FIG. 2 shows a camera image sensor 104 being part of a biometric recognition system 110 according to an embodiment implemented in e.g. the smart phone 101 of FIG. 1. The system will be referred to as an iris recognition system but may alternatively be used to recognize face-or periocular features of an individual. The iris recognition system 110 comprises the image sensor 104 and a processing unit 105, such as one or more microprocessors, for controlling the image sensor 104 and for analysing captured images of one or both of the eyes 102 of the user 100. The iris recognition system 110 further comprises a memory 106. The iris recognition system 110 in turn, typically, forms part of the smart phone 100 as exemplified in FIG. 1.

The camera 103 will capture an image of the user's eye 102 resulting in a representation of the eye being created by the image sensor 104 in order to have the processing unit 105 determine whether the iris data extracted by the processing unit 105 from image sensor data corresponds to the iris of an authorised user or not by comparing the iris image to one or more authorised previously enrolled iris templates pre-stored in the memory 106.

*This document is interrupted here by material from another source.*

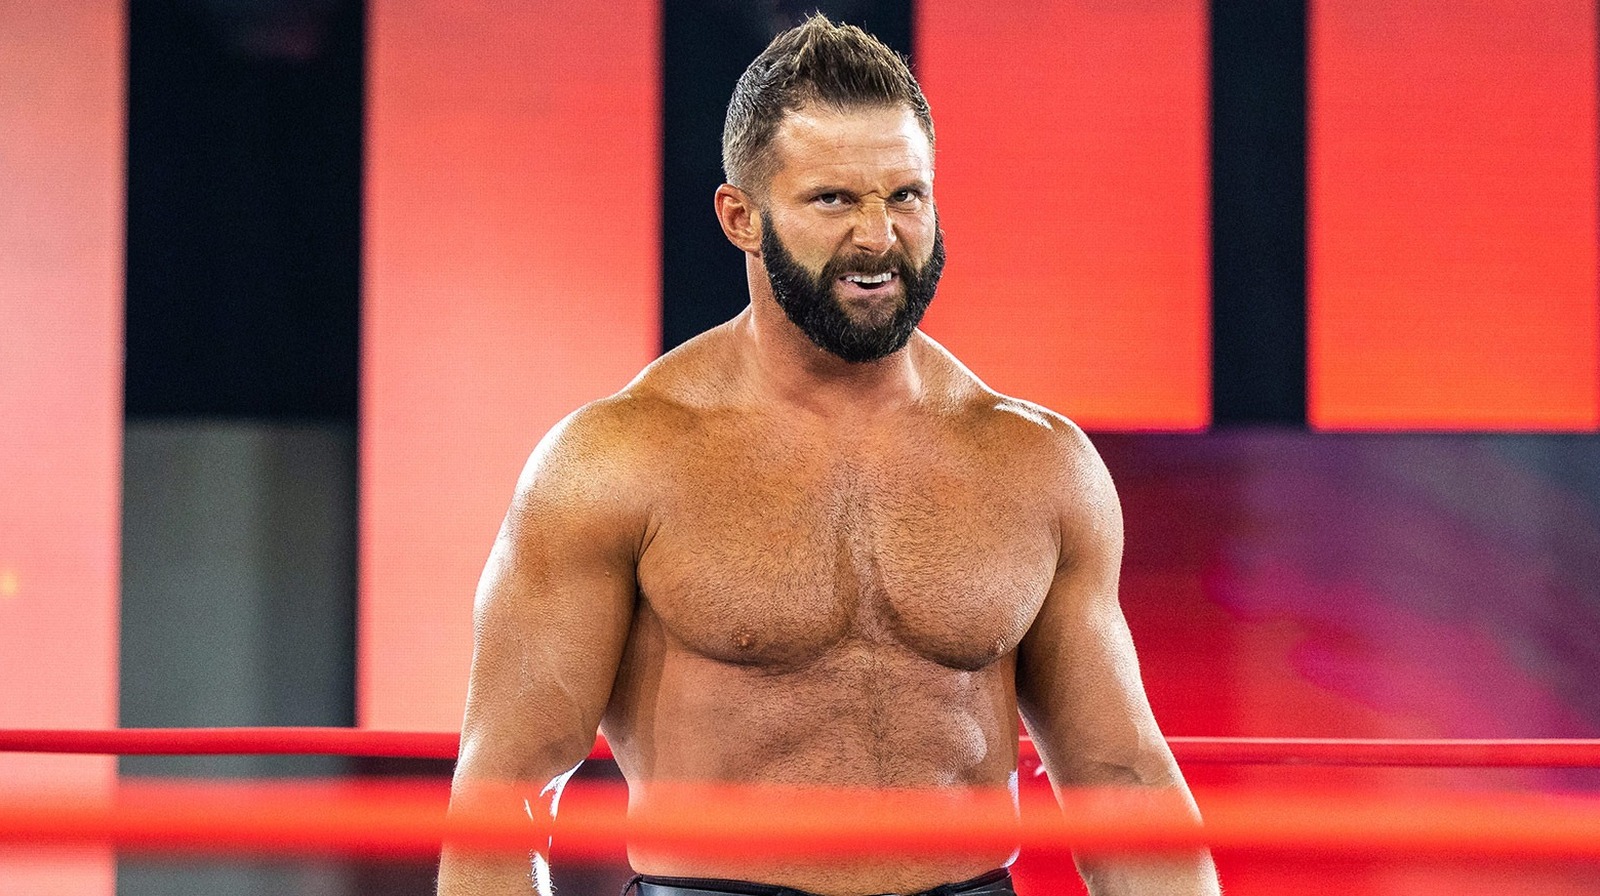 Matt Cardona elmondja gondolatait az Impact Wrestling átnevezéséről TNA-ra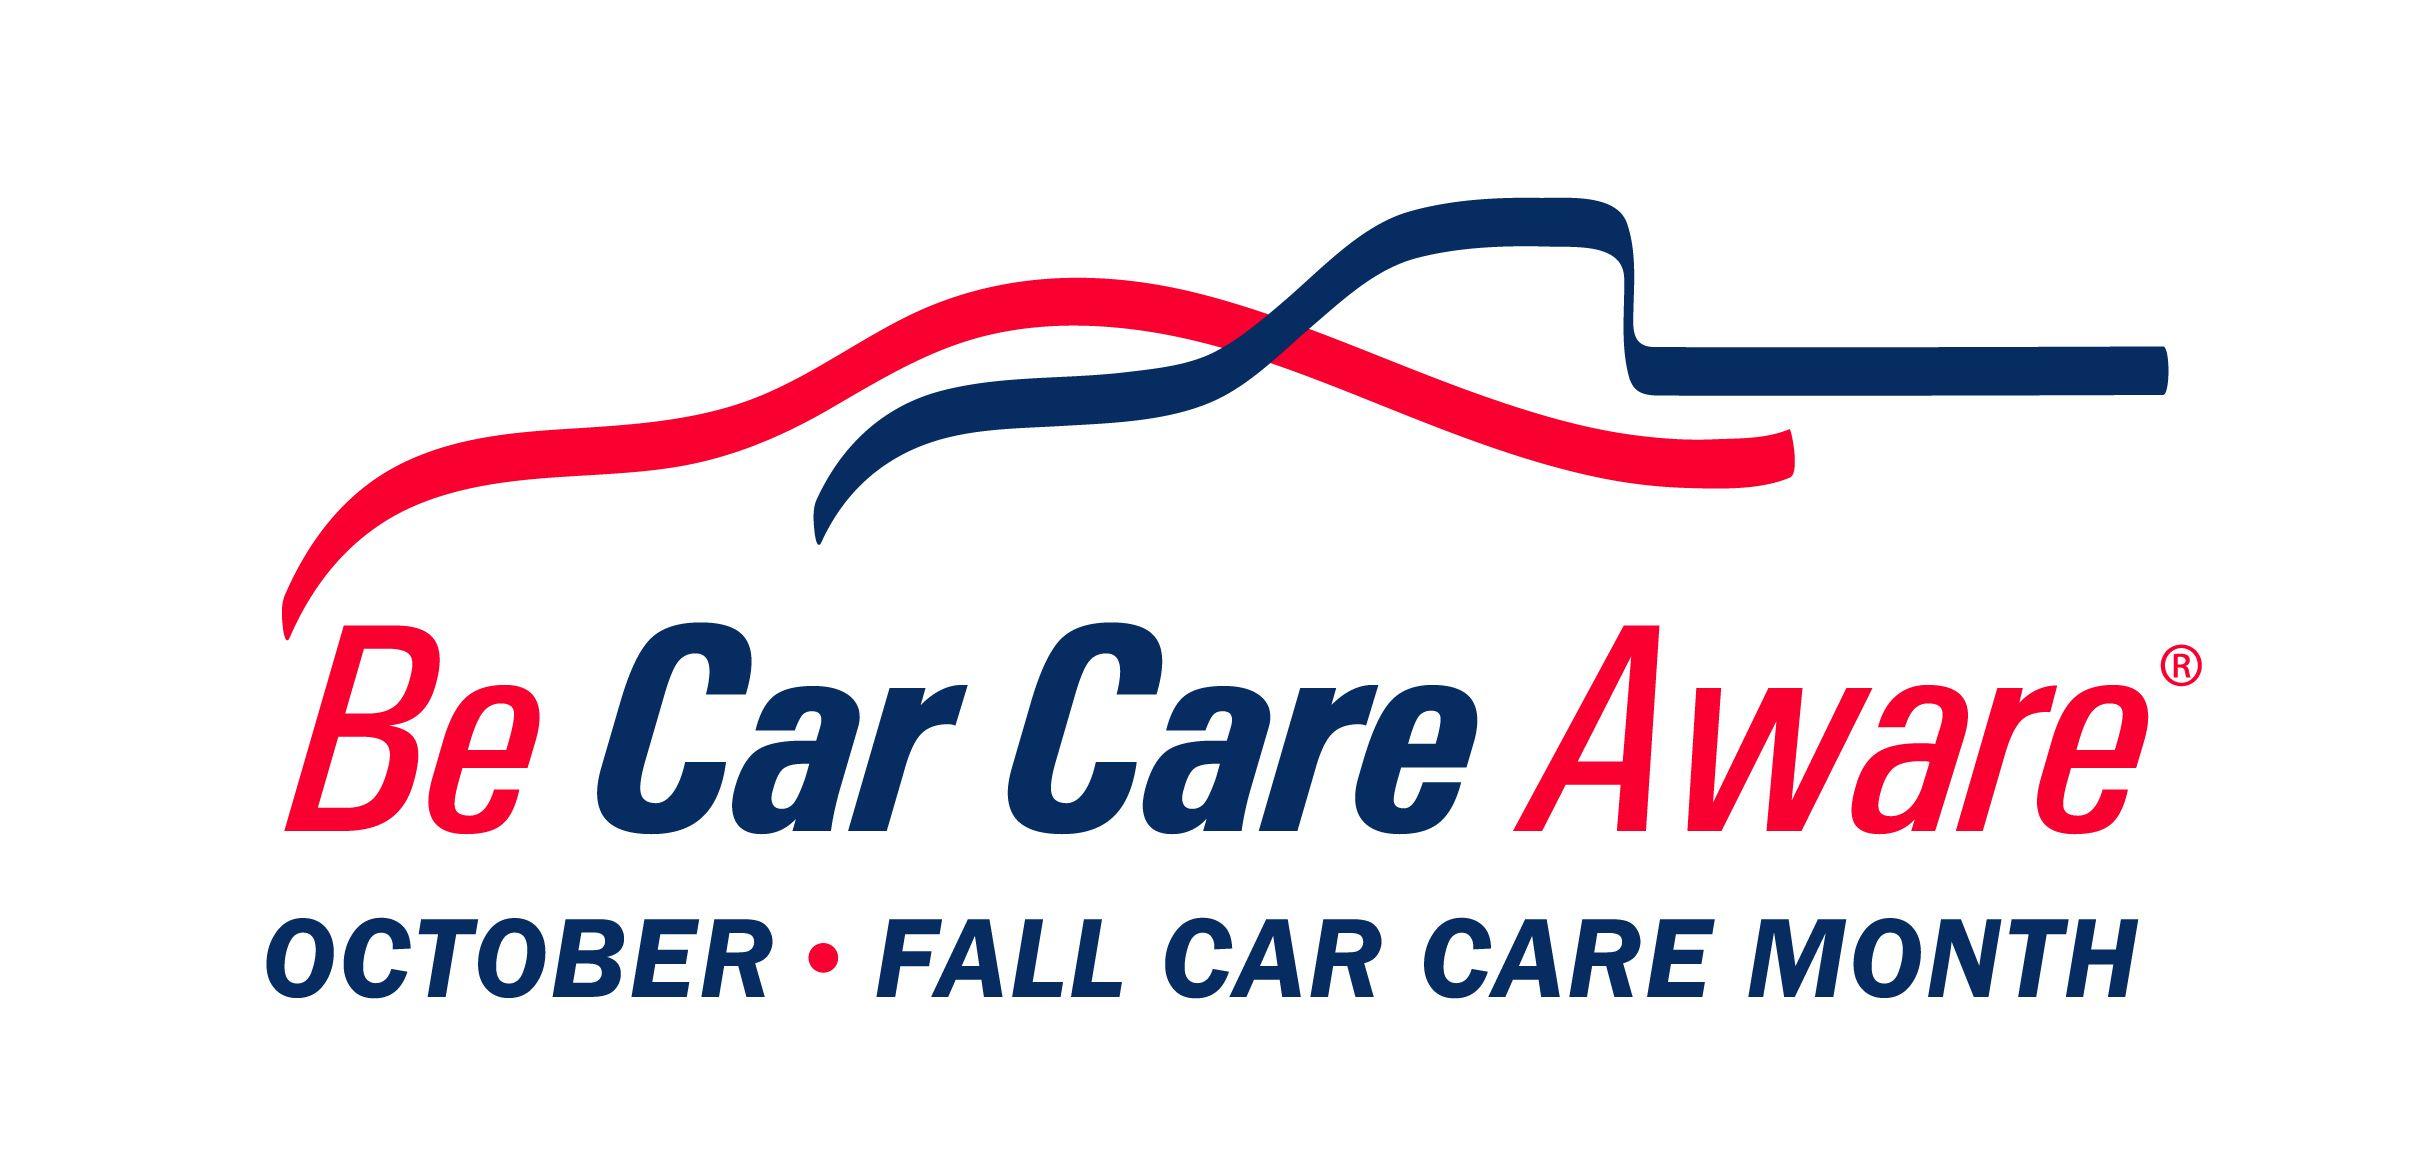 Auto Car Shop Logo - Logos- Be Car Care Aware Logos

With reference again to FIG. 2, the steps of the method performed by the iris recognition system 110 are in practice performed by the processing unit 105 embodied in the form of one or more microprocessors arranged to execute a computer program 107 downloaded to the storage medium 106 associated with the microprocessor, such as a RAM, a Flash memory or a hard disk drive. Alternatively, the computer program is included in the memory (being for instance a NOR flash) during manufacturing. The processing unit 105 is arranged to cause the iris recognition system 110 to carry out the method according to embodiments when the appropriate computer program 107 comprising computer-executable instructions is downloaded to the storage medium 106 and executed by the processing unit 105. The storage medium 106 may also be a computer program product comprising the computer program 107. Alternatively, the computer program 107 may be transferred to the storage medium 106 by means of a suitable computer program product, such as a Digital Versatile Disc (DVD) or a memory stick. As a further alternative, the computer program 107 may be downloaded to the storage medium 106 over a network. The processing unit 105 may alternatively be embodied in the form of a digital signal processor (DSP), an application specific integrated circuit (ASIC), a field-programmable gate array (FPGA), a complex programmable logic device (CPLD), etc.

Now, with reference to FIG. 3a, in an example it is assumed that unpolarized light 120 is being emitted e.g. by light-emitting elements 108 of a screen of the smart phone 101 or by a camera flash travelling in a path from the smart phone 101 to the eye 102 of the user and back to an image sensor of the camera 103.

In FIG. 3b, it is assumed that the emitted light 120 travelling in a path from the smart phone 101 to the eye 102 of the user and back to the image sensor of the camera 103 is polarized. In this particular example, the polarization of the light 120 is caused by a first polarizing filter 109 arranged at the light-emitting elements 108, for instance being implemented in the form of a polarizing film attached to the screen of the smart phone 101. Further in FIG. 3b, a second polarizing filter 111 is arranged at the camera 103, for instance being implemented in the form of a polarizing film attached to a lens of the camera 103.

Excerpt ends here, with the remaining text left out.